__Work order__. What follows is a listing to transcribe exactly, leaving the pictures out.

__Given information__.
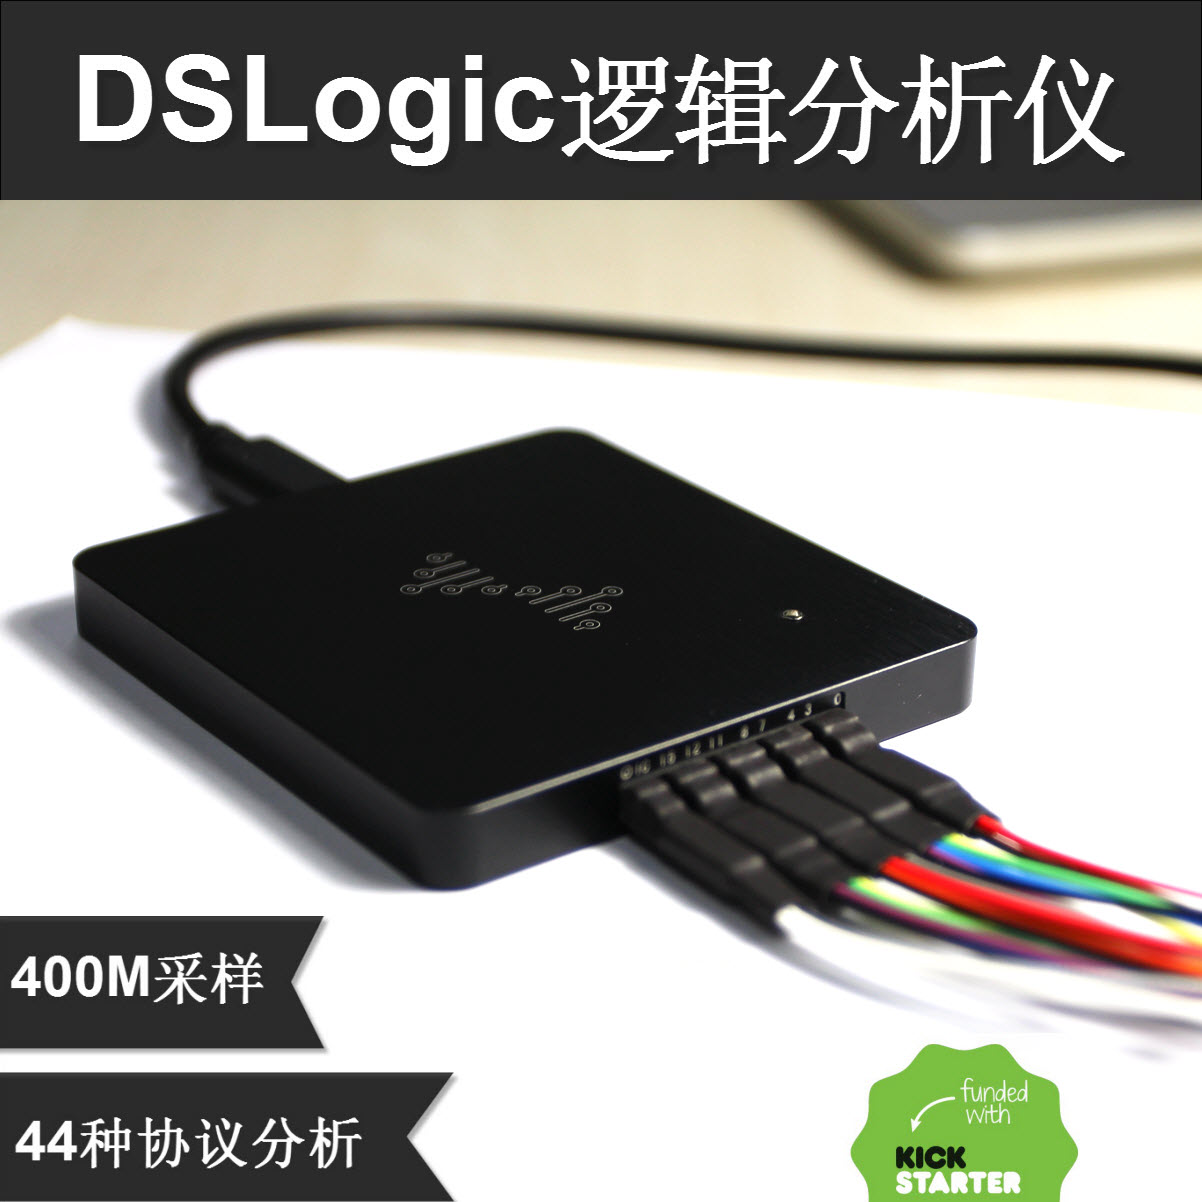 DSLogic Logic analyzer 5 times saleae bandwidth up to 400M sampling 16-channel debugging assistant
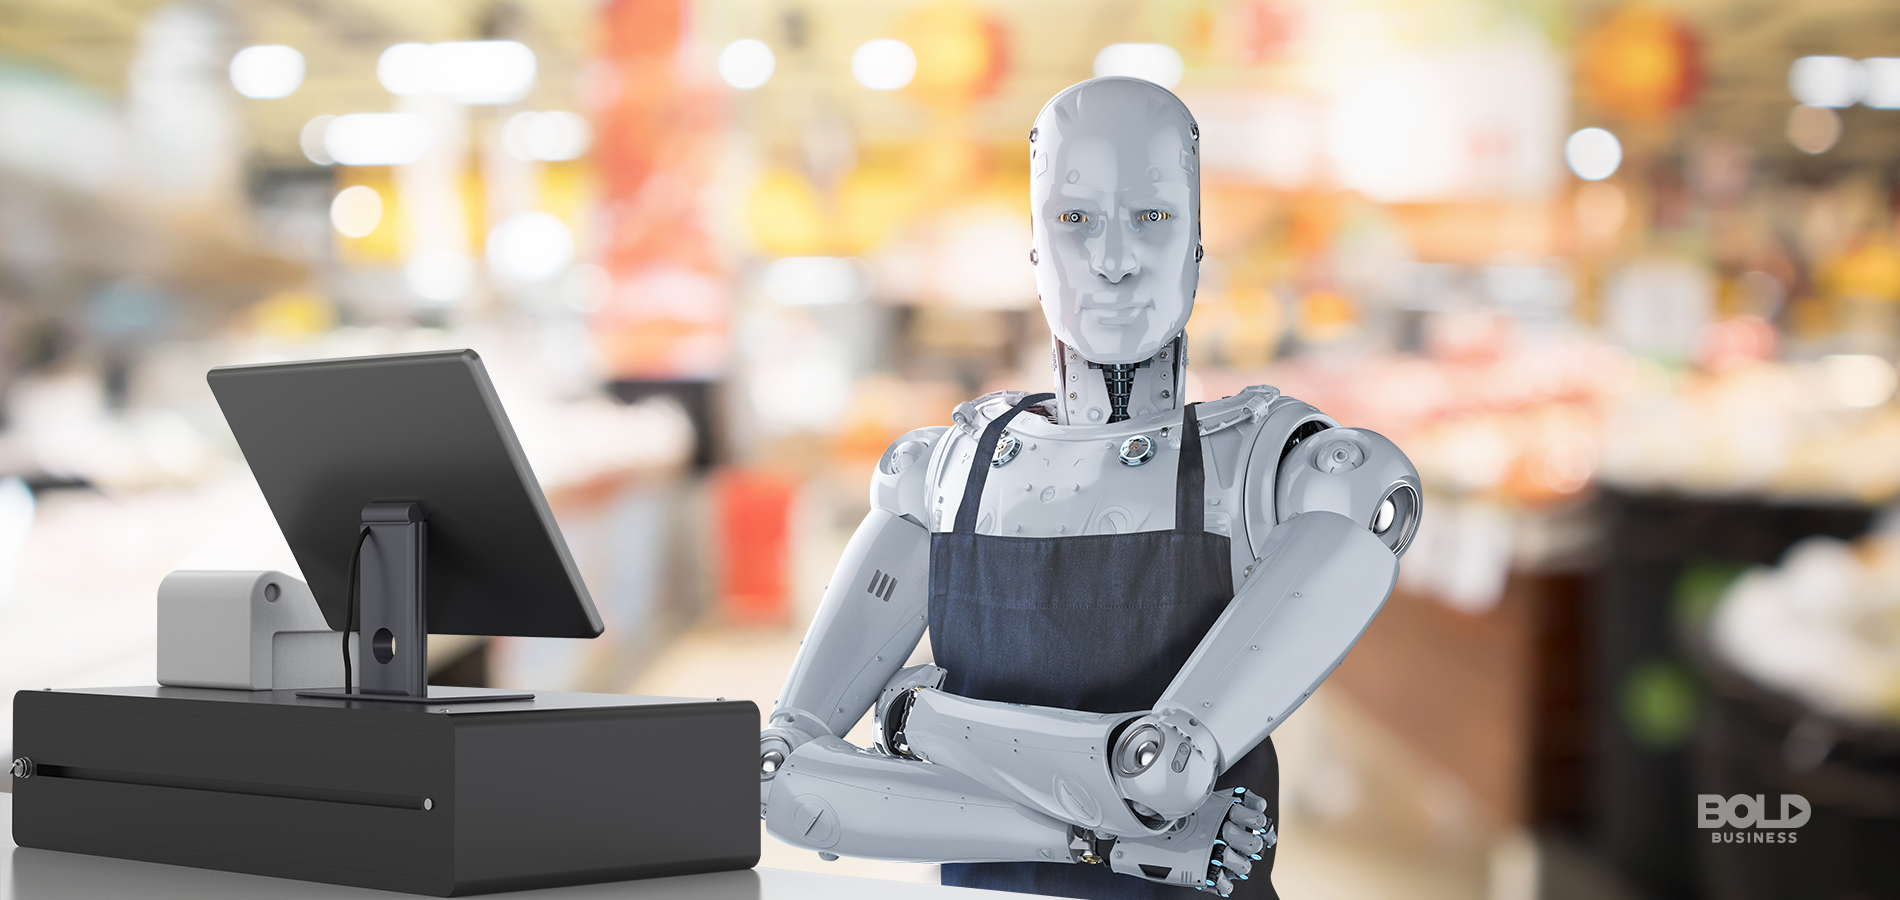 robotic workforce, robot in an apron
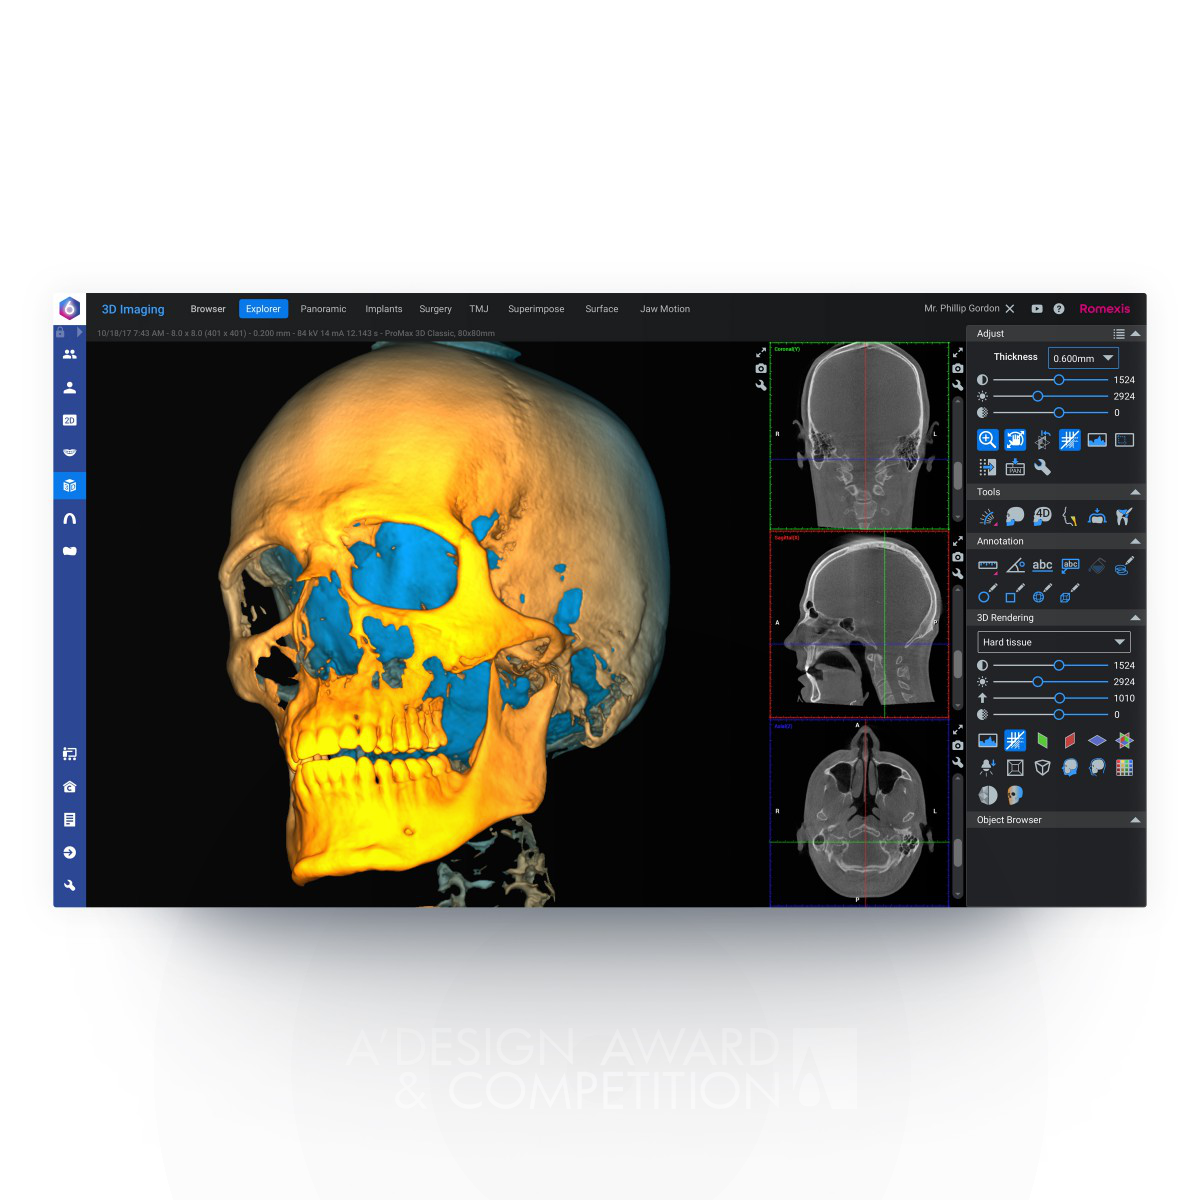 Planmeca Dental Imaging Software
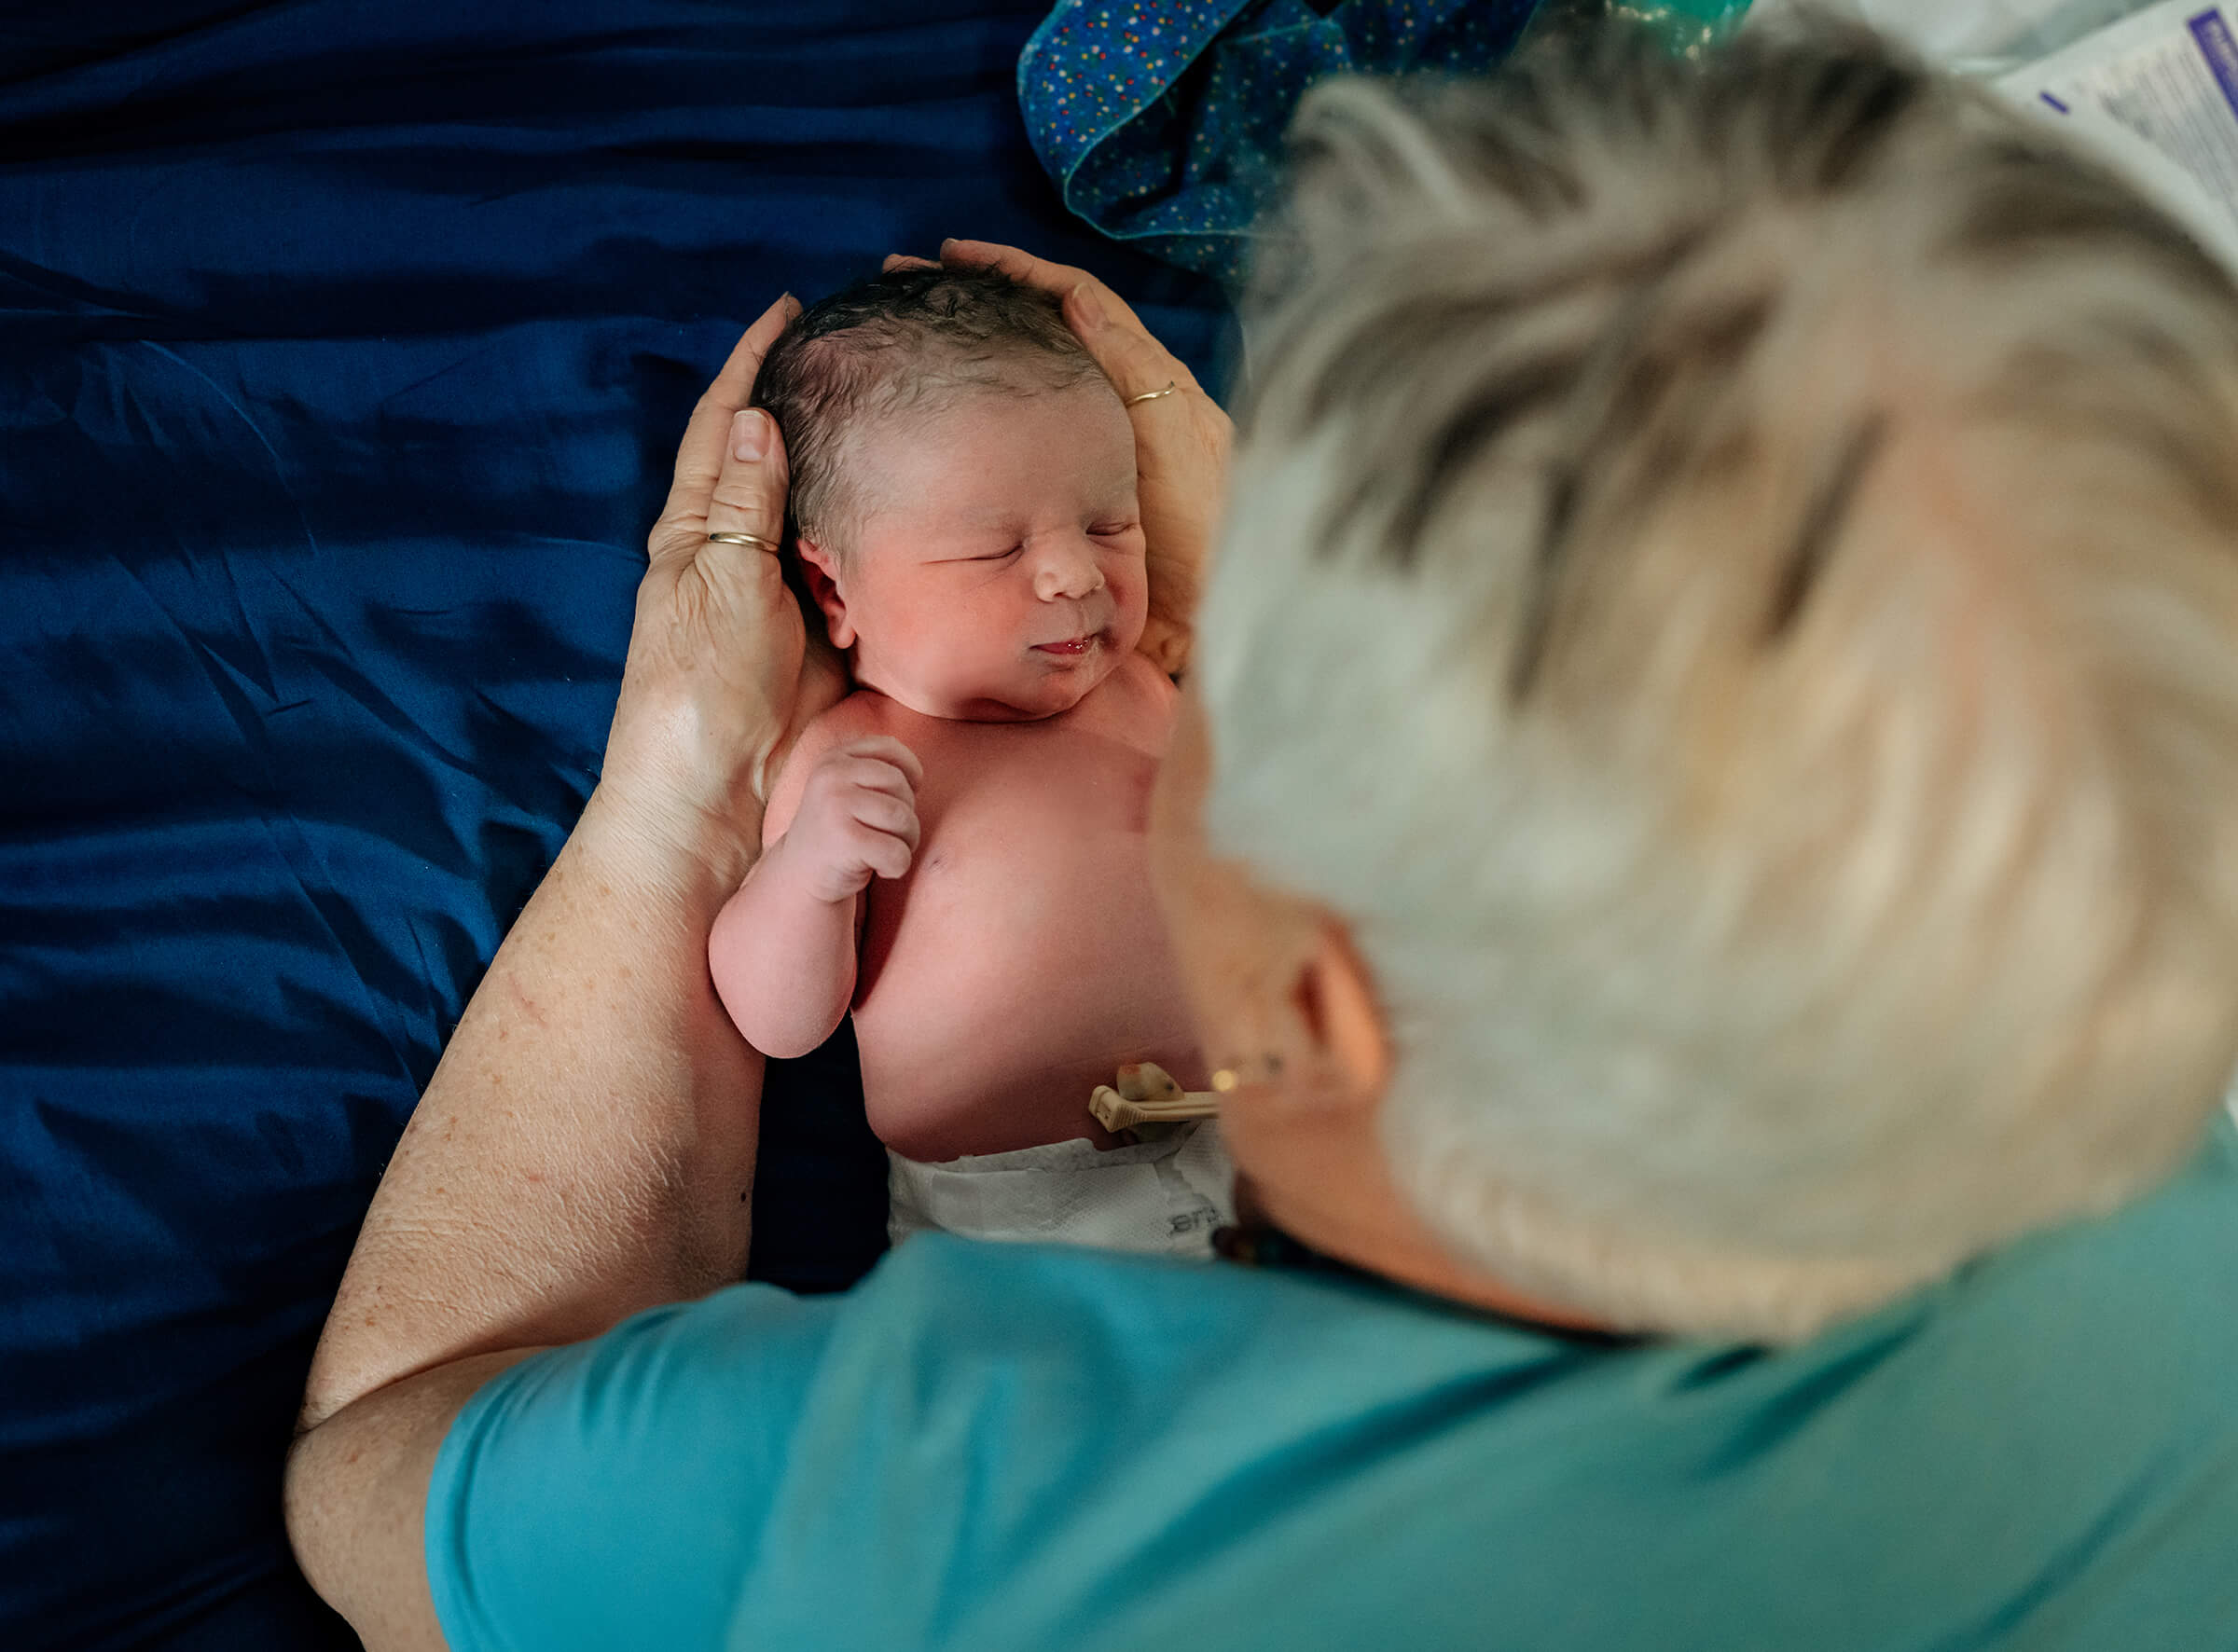 Dixie Story a Las Vegas midwife performing a newborn exam

__Result of the task__.
 DSLogic Logic analyzer 5 times saleae bandwidth up to 400M sampling 16-channel debugging assistant
 robotic workforce, robot in an apron
 Planmeca Dental Imaging Software
 Dixie Story a Las Vegas midwife performing a newborn exam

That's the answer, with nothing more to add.